**Information shown**
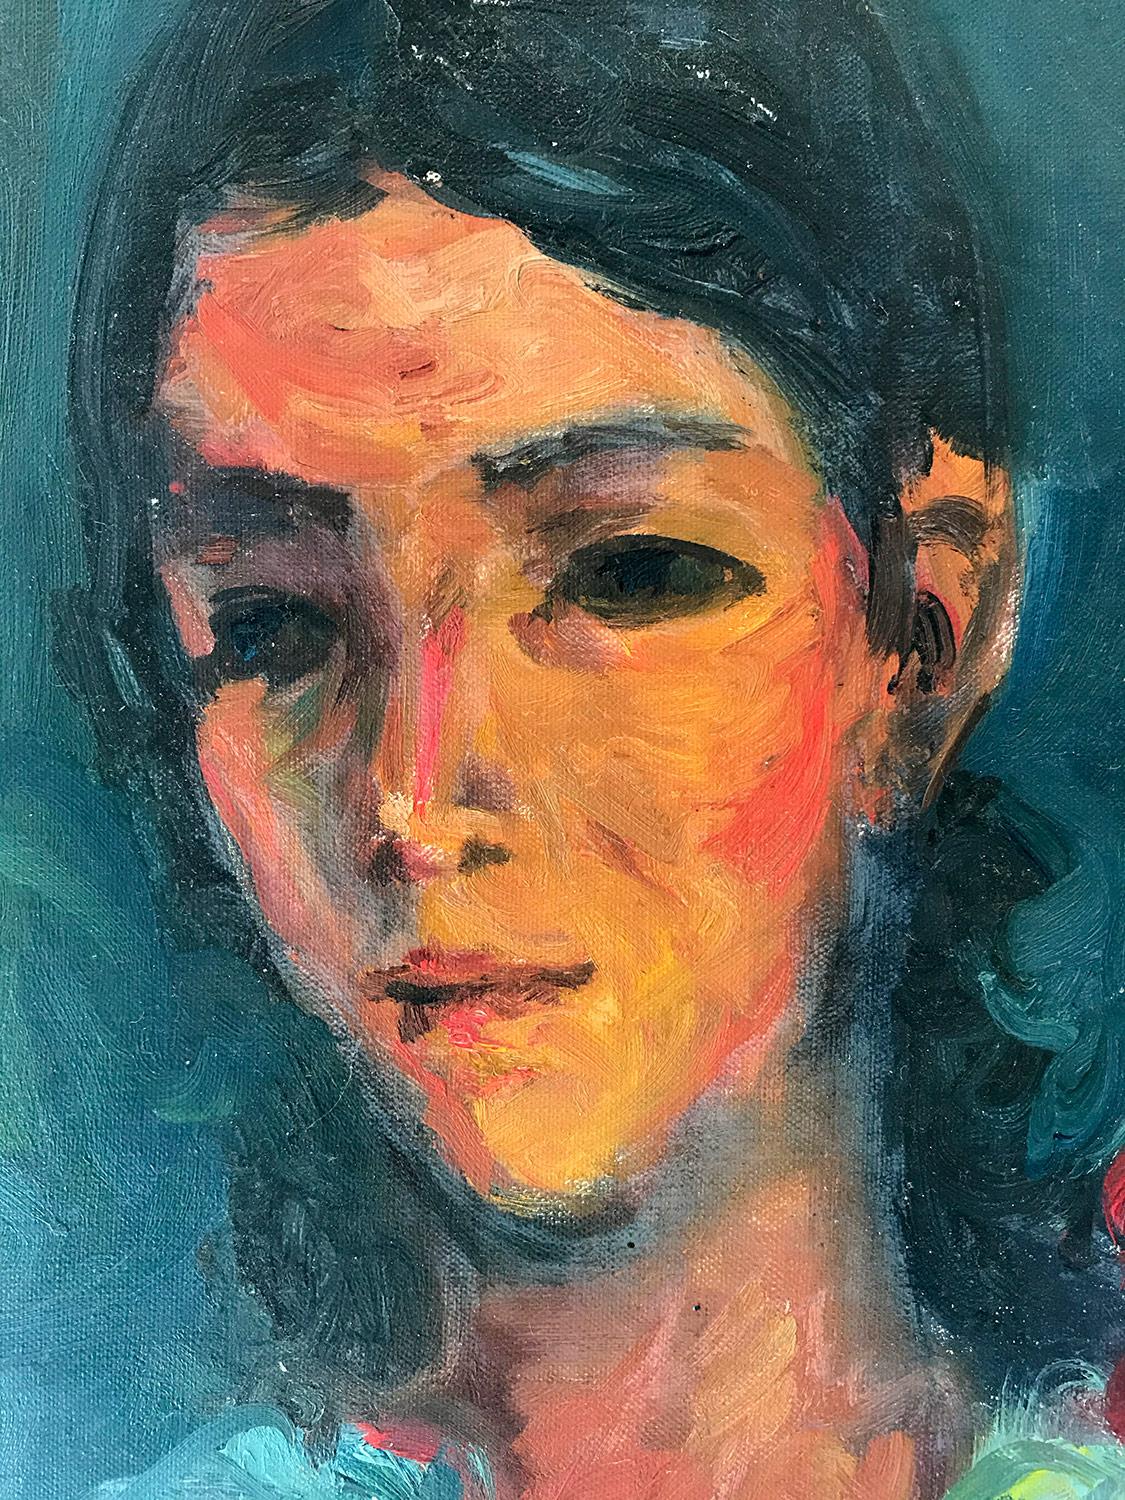 This painting depicts a whimsical portrait of a young girl with dark hair against an ultramarine blue background. The bright colors and quick brush strokes are what makes this painting so attractive and desirable. The piece is done in a highly
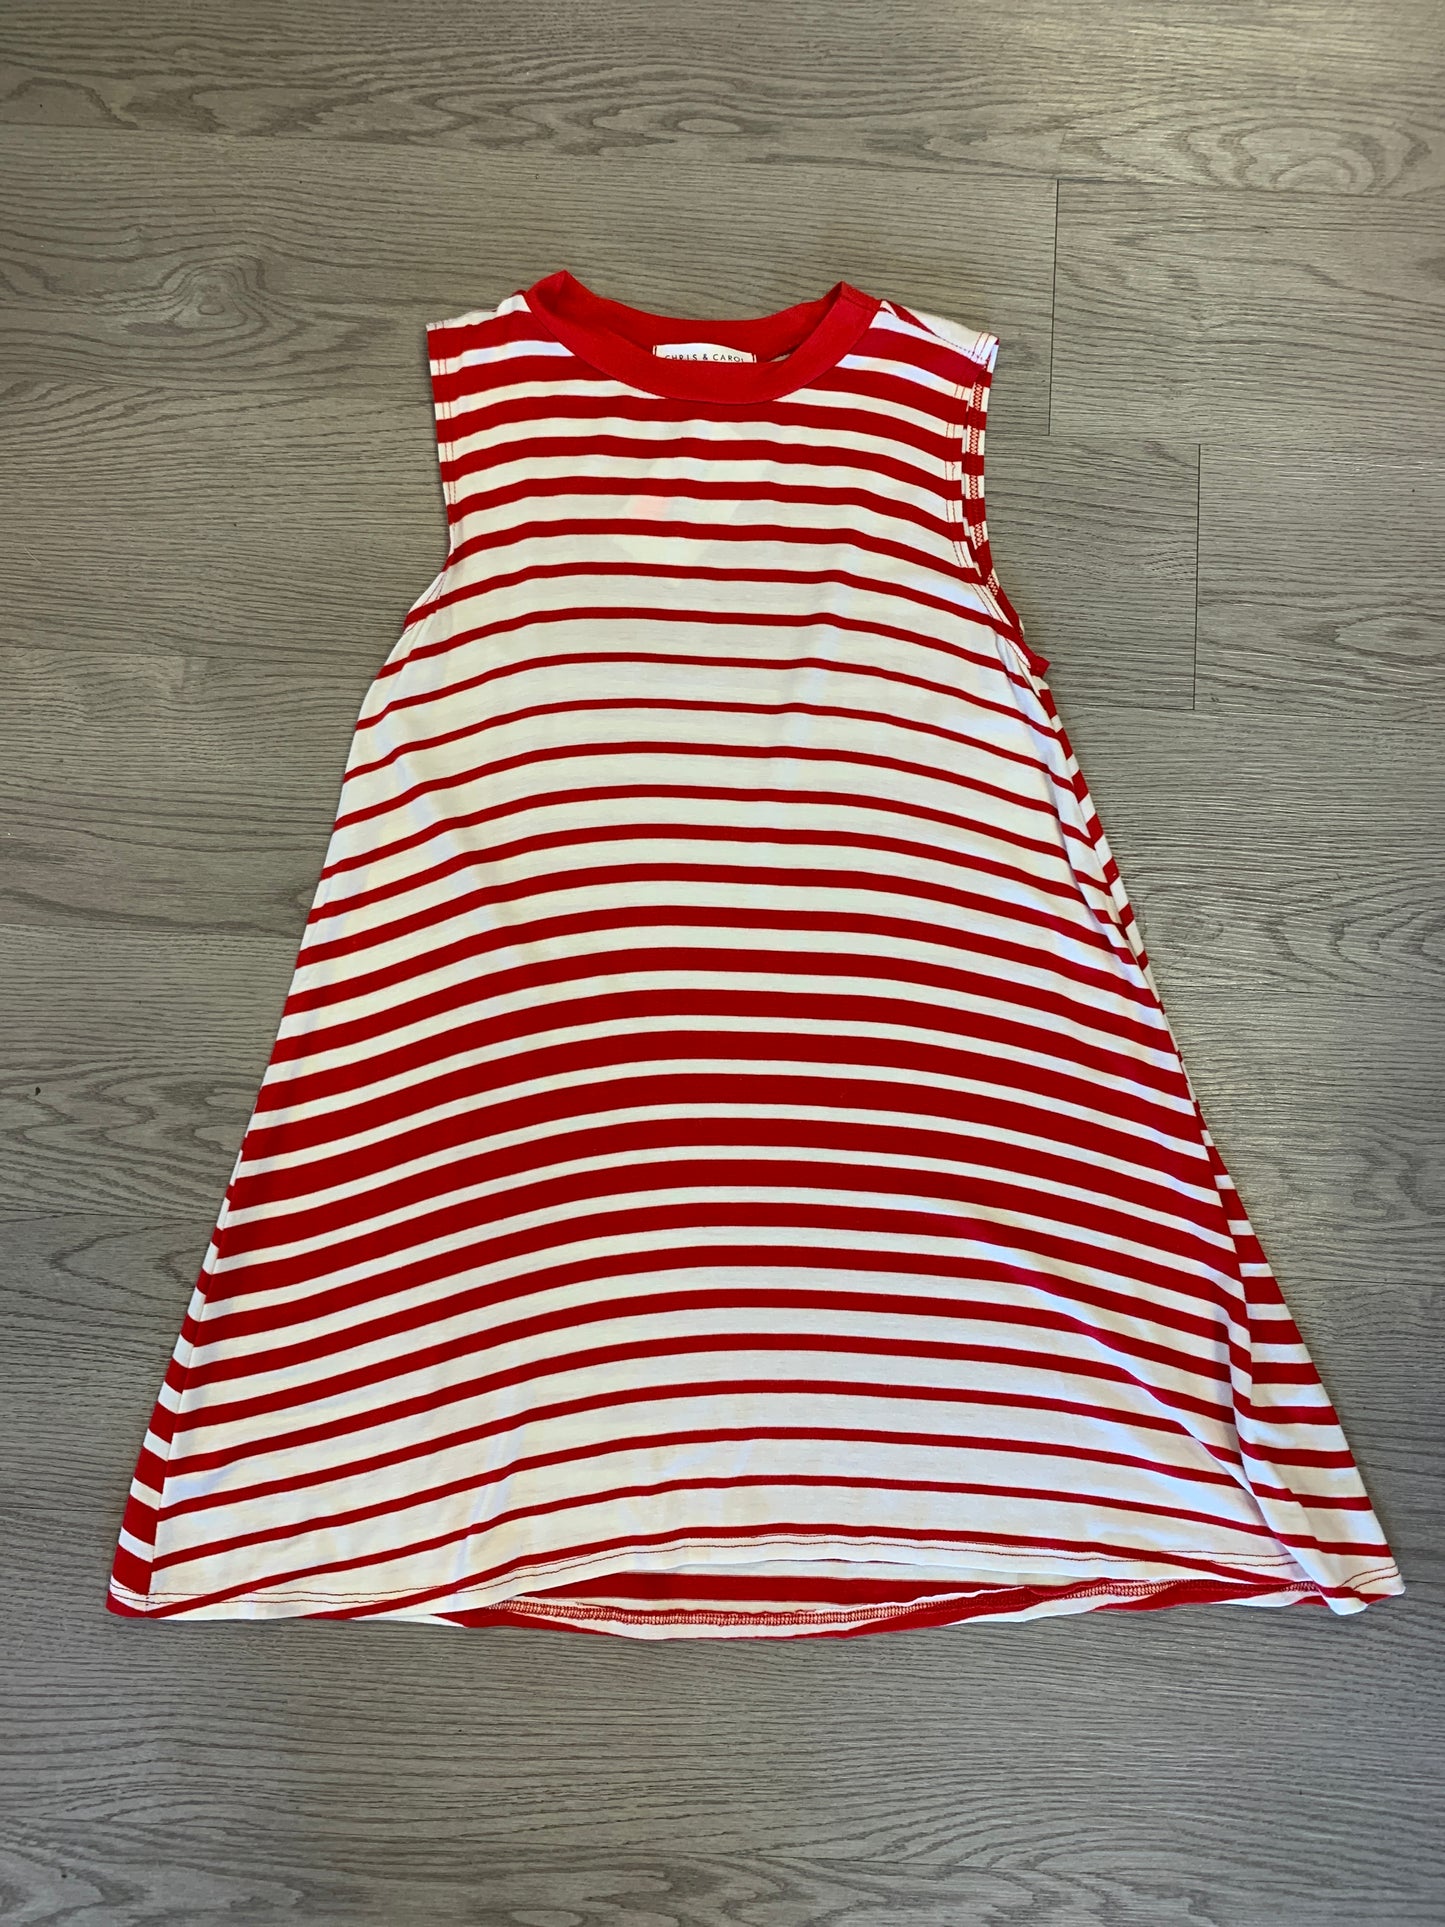 Stripe & sleeveless swing knit top with solid crew neck
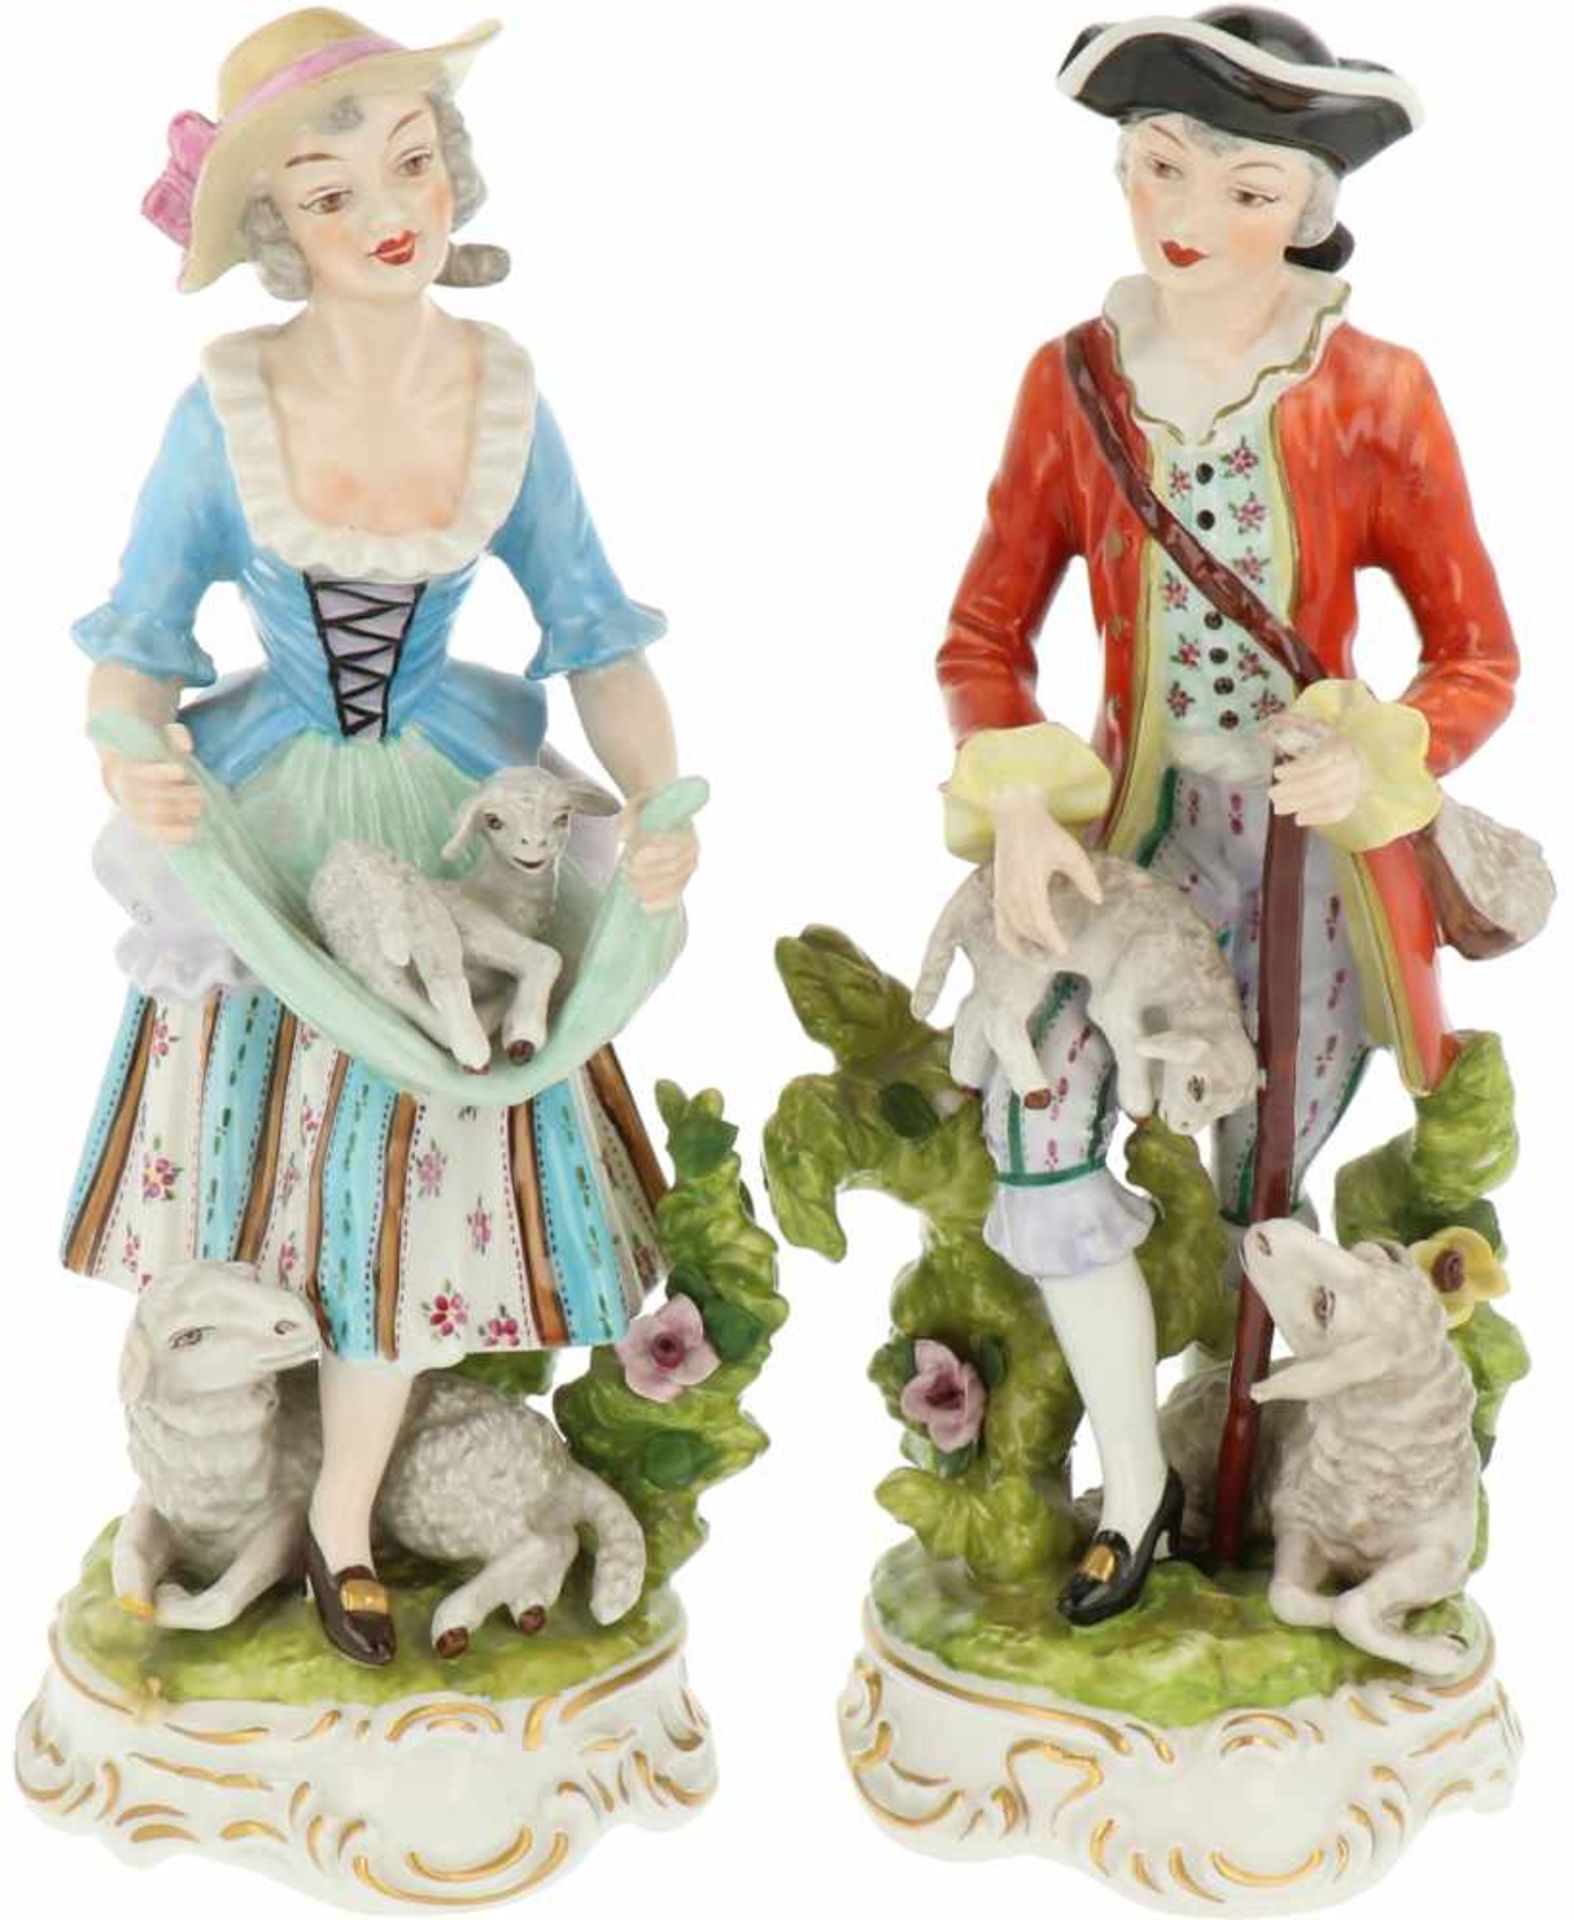 A set of procelain figurines of a lady and a gentleman with goats. Volkstedt-Rudolstadt, Germany.

**Exercise prompt**
Images are to be skipped, and each line above is to be returned exactly.

**Task output**
 This painting depicts a whimsical portrait of a young girl with dark hair against an ultramarine blue background. The bright colors and quick brush strokes are what makes this painting so attractive and desirable. The piece is done in a highly
 Stripe & sleeveless swing knit top with solid crew neck
 A set of procelain figurines of a lady and a gentleman with goats. Volkstedt-Rudolstadt, Germany.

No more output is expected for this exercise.